Proposal Two - Approval, on an Advisory Basis, of 2024 Named Executive Officer Compensation.Voting results were as follows:

For

Against

Abstain

Broker Non-Votes

262,998,299 7,462,968 321,797 25,793,966

As a result, the 2024 compensation of the named executive officers was approved on an advisory basis.

Proposal Three - Approval of an Amendment to the Company's Restated Certificate of Incorporation to provide for the exculpation of officers as permitted by Delaware law.Voting results were as follows:

For

Against

Abstain

Broker Nonvotes

244,327,268 26,307,519 148,277 25,793,967

As a result, the amendment to the Company's Restated Certificate of Incorporation to provide for the exculpation of officers as permitted by Delaware law was approved.

Proposal Four - Approval of an Amendment to the Company's Restated Certificate of Incorporation to repeal provisions relating to the waiver of corporate opportunities in favor of former principal stockholders of the Company.Voting results were as follows:

For

Against

Abstain

Broker Non-Votes

268,683,117 1,891,520 208,426 25,793,967

As a result, the amendment to the Company's Restated Certificate of Incorporation to repeal provisions relating to the waiver of corporate opportunities in favor of former principal stockholders of the Company was approved.

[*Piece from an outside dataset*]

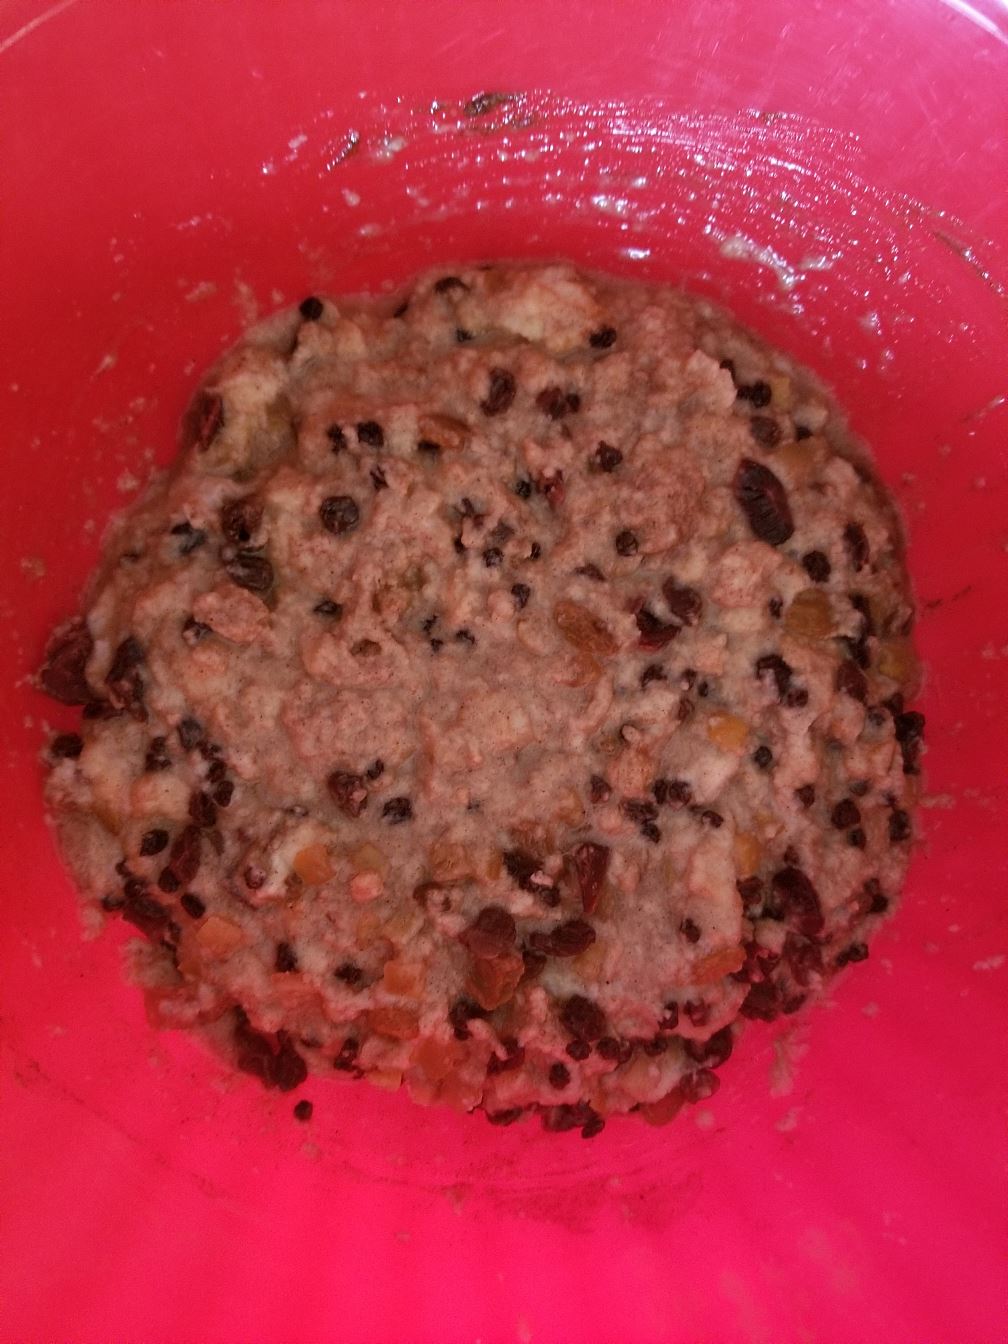 Bread pudding mixture ready to be cooked

Proposal Five- Approval of an Amendment to the Company's Restated Certificate of Incorporation to remove supermajority voting standards. Voting results were as follows:

For

Against

Abstain

Broker Non-Votes

268,362,390 2,238,453 182,220 25,793,967

As a result, the amendment to the Company's Restated Certificate of Incorporation to remove supermajority voting standards was approved.

Proposal Six - Approval of the Company's 2025 Employee Stock Purchase Plan.Voting results were as follows:

For

Against

Abstain

Broker Non-Votes

269,996,050 658,870 128,144 25,793,966

As a result, the Company's 2025 Employee Stock Purchase Plan was approved.

Proposal Seven - Ratification of the Appointment of Deloitte & Touche LLP as the Company's Independent Registered Public Accounting Firm for the Year Ending December 31, 2025.Voting results were as follows:

For

Against

Abstain

289,344,039 7,107,898 125,094

As a result, the Company's appointment of Deloitte & Touche LLP as the Company's independent registered public accounting firm for the year ending December 31, 2025 was ratified.